Quote Check – the New Four-Letter Word in Financial Communications
Recently, there has been a stir in the ongoing debate over the ethics of a quote check policy, this time drummed up by a column from The New York Times’ David Carr. Almost immediately, the newspaper issued a memo to all reporters stating that quote approval is strictly against the outlet’s policy.
As financial public relations professionals, it is our job to ensure that clients are not misrepresented or misquoted in articles. Before every interview, we remind the spokespeople that the best policy is to simply not say anything they wouldn’t want to see in print – assume the interview is always on the record and know that you can’t take back your words. Treat a quote check not as a guarantee, but as a favor some reporters might impart when they’re feeling particularly generous.
However, in the financial public relations industry – the quote check processes serves a higher purpose. It is not designed to change the original words or context of what a spokesperson said, but to ensure that the journalist can accurately convey the nuances of the very technical topic they are writing about, wading through the jargon to present to the reader the complete picture.
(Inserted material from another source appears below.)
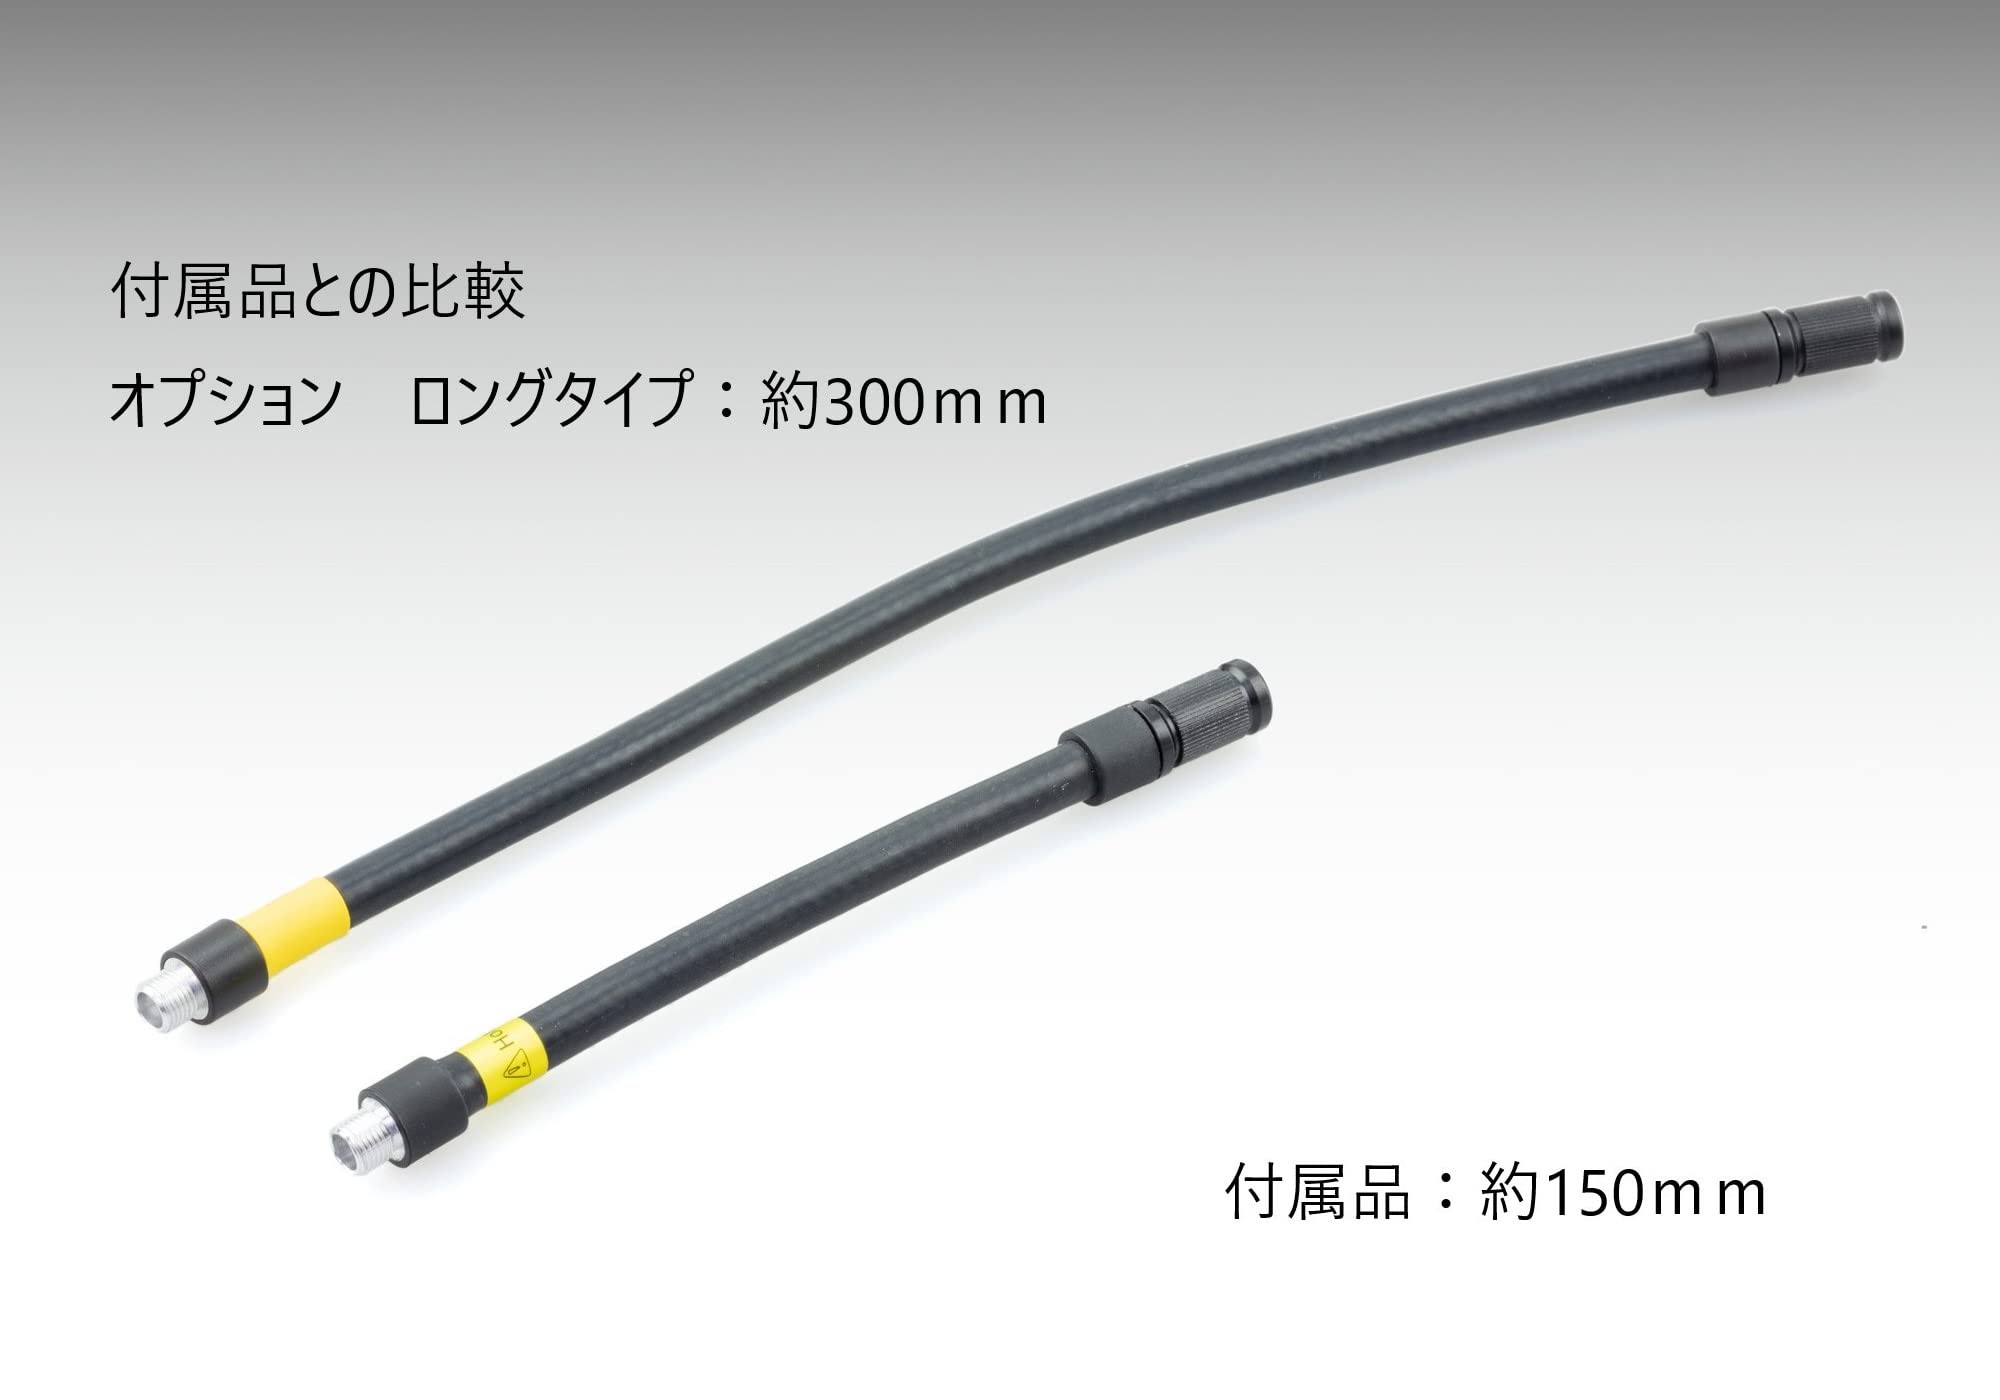  Kijima (Kijima) bike air pump extension hose long air hose option Smart air pump JP01 300mm 302-322-7bla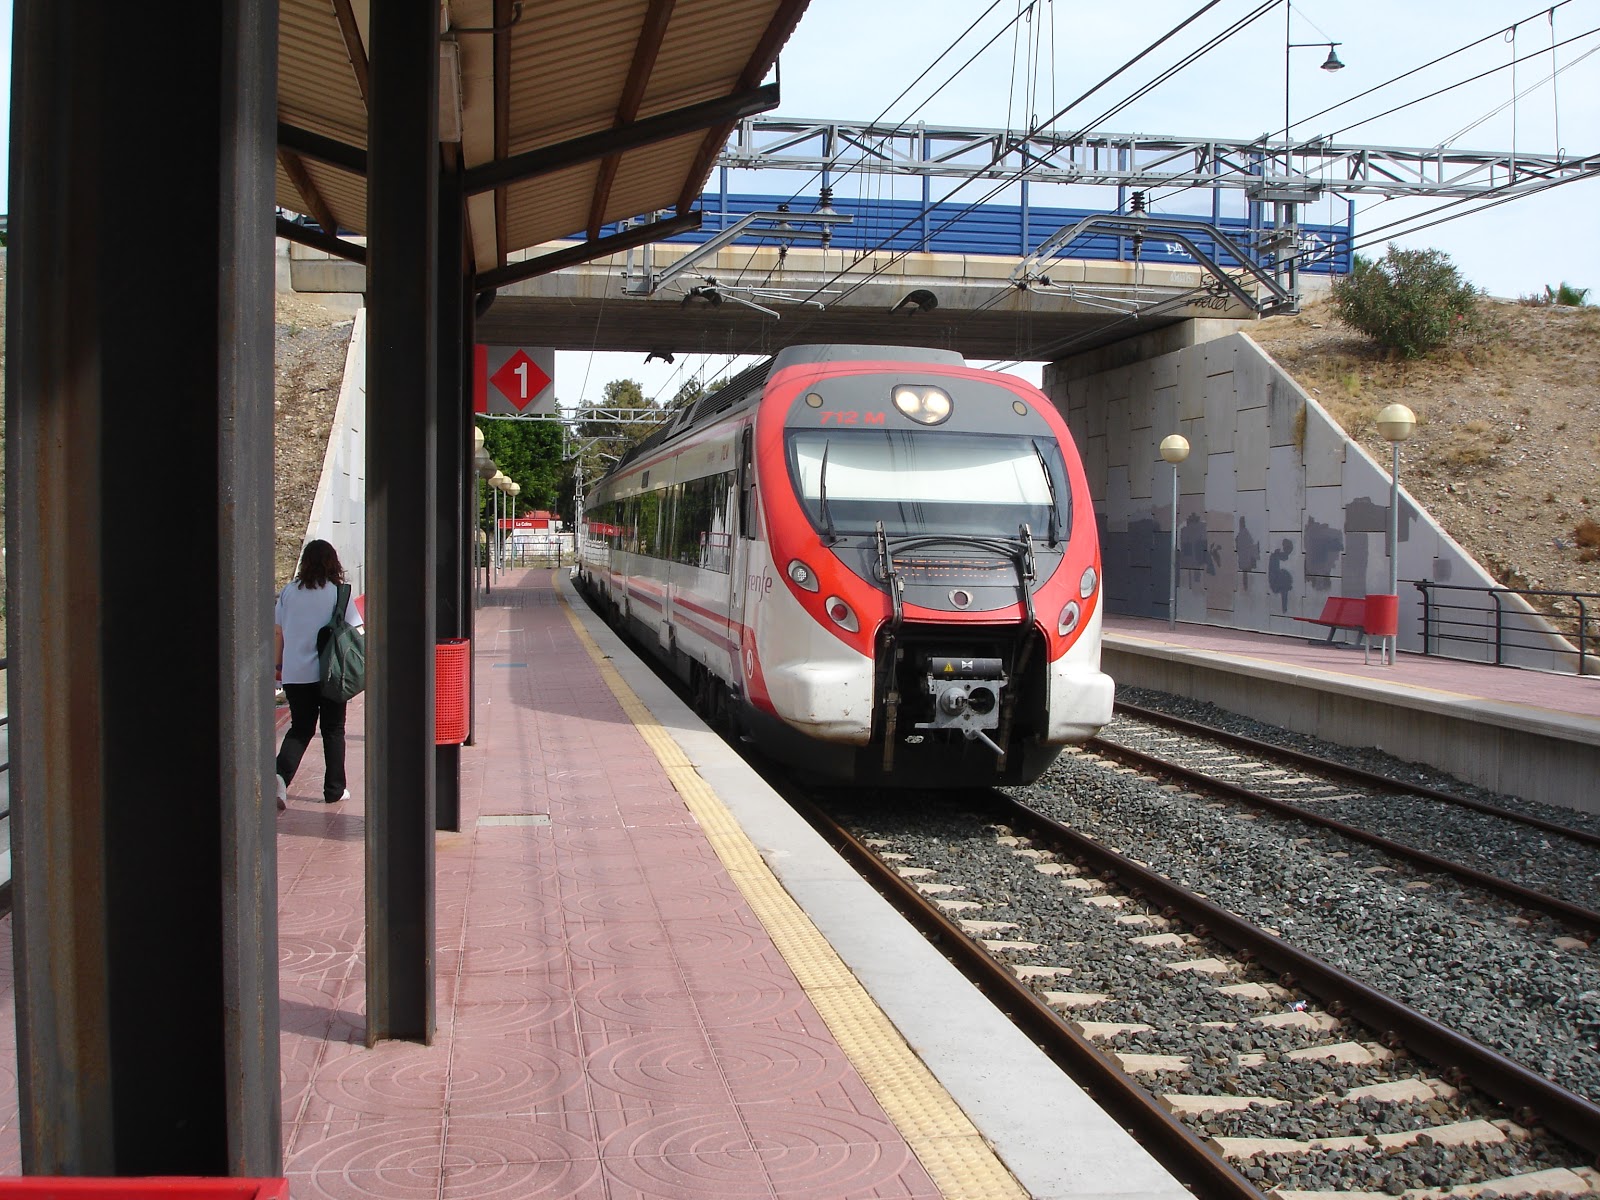 C1 train to Fuengirola

Having spoken with some of our friendly reporter and editor contacts, the overwhelming consensus seemed to be anti-quote review, with the caveat that they would rather be accurate than sorry, so some sort of follow-up review or additional question is always best.
Even Carr in his column makes the concession that “journalism is a blunt technology. Reporters don’t generally record most interviews and can’t always type or write as quickly as a subject is speaking.” As a former trade reporter myself, I remember my first foray into the alphabet soup of the capital markets industry – OMS, EMS, MiFID, API, SaaS, the list goes on. Conducting a quote check or fact check in a situation where a difference of one letter could take the story in a whole new direction should not only be encouraged, but mandated by the journalist’s own desire to produce the most accurate story possible.
While quote approval might be a four-letter word for some in the public relations and media industries, there needs to be a way to ensure that the same high standards that prevent journalists from sharing quotes post-interview are then applied to making sure the quote is actually as accurate as possible, and that all the facts of the final story are correct.